Gaslight macOS Malware Uses Prompt Injection to Evade AI Analysis

A newly identified Rust-based macOS malware, dubbed Gaslight, has emerged with sophisticated techniques aimed at evading detection, particularly by AI-assisted analysis tools. This malware not only functions as an information stealer but also employs prompt injection methods to deceive security systems.

Gaslight’s command-and-control (C2) infrastructure utilizes the Telegram bot API, enabling operators to issue commands and receive execution results through an interactive shell. The malware supports several commands, including:

  • help: Displays command assistance.
  • id: Identifies the implant to the operator.
  • shell: Executes shell commands.
  • kill: Terminates processes by PID.
  • upload: Exfiltrates files via Telegram’s attachment mechanism.
  • stop: Halts the implant’s execution.

Notably, Gaslight achieves persistence by creating a LaunchAgent with the label “com.apple.system.services.activity” in its .plist file. This ensures the malware remains active across system reboots.

The malware also includes a Base64-encoded Python script designed to collect extensive system information. This script gathers data such as terminal command histories, installed applications, running processes, system profiles, Keychain databases, and browser data from Chrome, Brave, Firefox, and Safari. The collected information is compressed into a ZIP archive and uploaded via Telegram.

To deploy the Python script, Gaslight uses a separate Base64-encoded bash installer that drops a Python interpreter from the “astral-sh/python-build-standalone” project. The presence of emojis and extensive comments suggests that this script was likely generated using a large language model (LLM).

One of Gaslight’s most distinctive features is its use of prompt injection to evade AI-based detection systems. It embeds a Markdown-fenced block containing 38 fabricated system messages designed to mislead security agents into aborting or refusing analysis. These messages include fake system errors, warnings about injection vulnerabilities, and static-analysis flags, effectively attacking the perception of AI-assisted triage pipelines.
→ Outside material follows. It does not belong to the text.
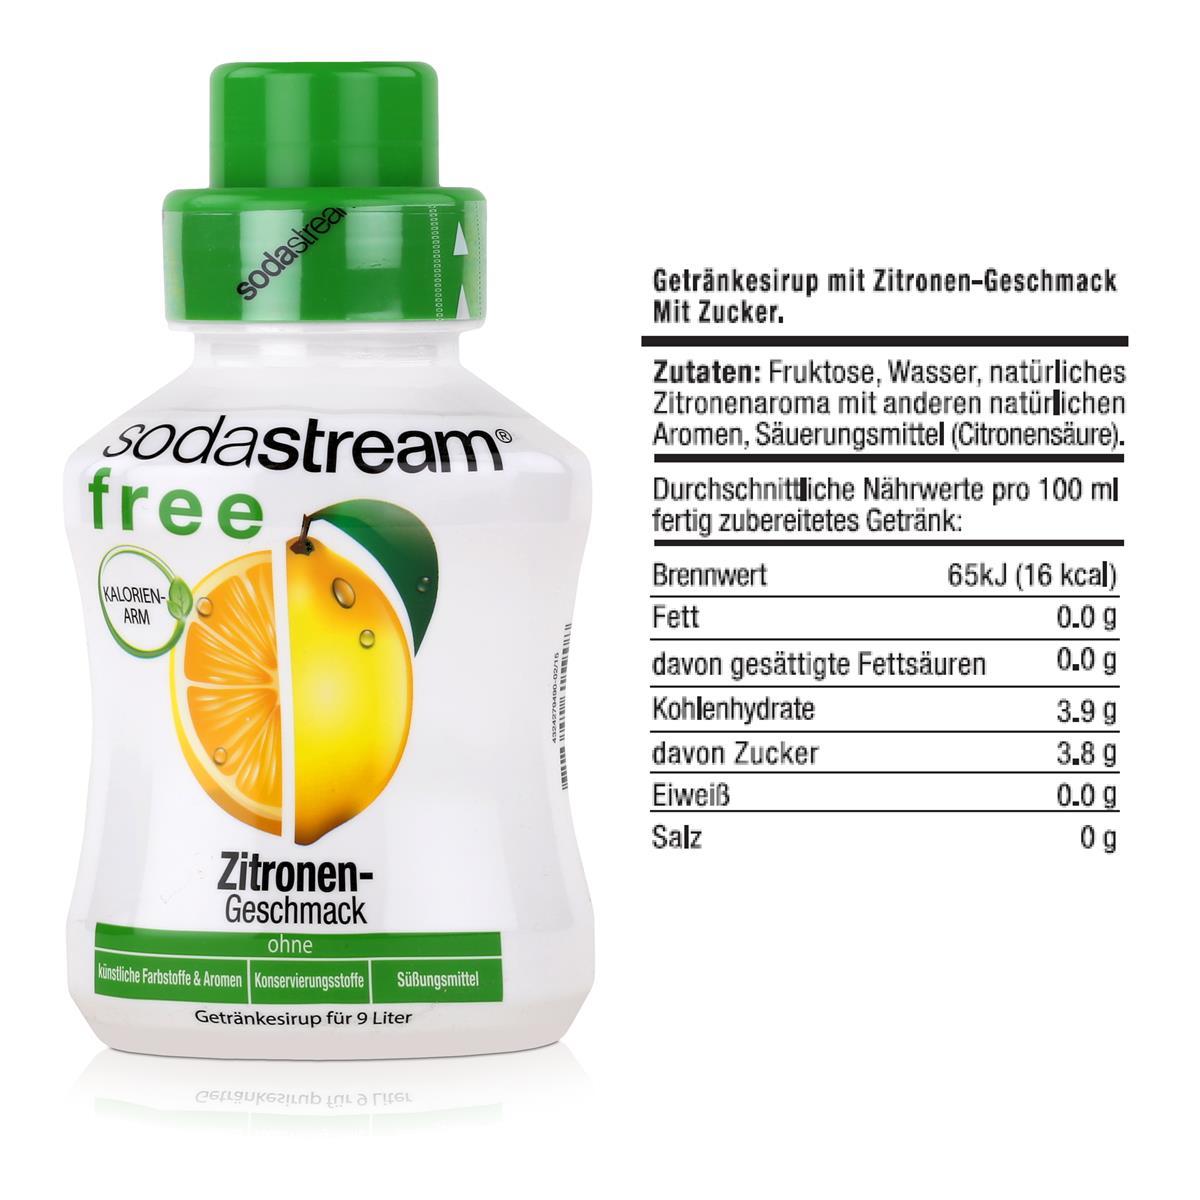 SodaStream Getränke-sirup Zitronen Geschmack 375ml (3er Pack) | eBay

Additionally, Gaslight does not hard-code critical details such as the bot token and chat ID into the sample. Instead, these configurations are supplied at runtime, and the malware self-redacts its Telegram bot token in its runtime output, denying access to anyone capturing logs or crash artifacts.

The emergence of Gaslight underscores the evolving tactics of threat actors, particularly those aligned with North Korea, in developing malware that not only steals information but also actively evades detection by leveraging prompt injection techniques. This development highlights the need for security professionals to adapt their detection and analysis methods to counteract such sophisticated evasion strategies.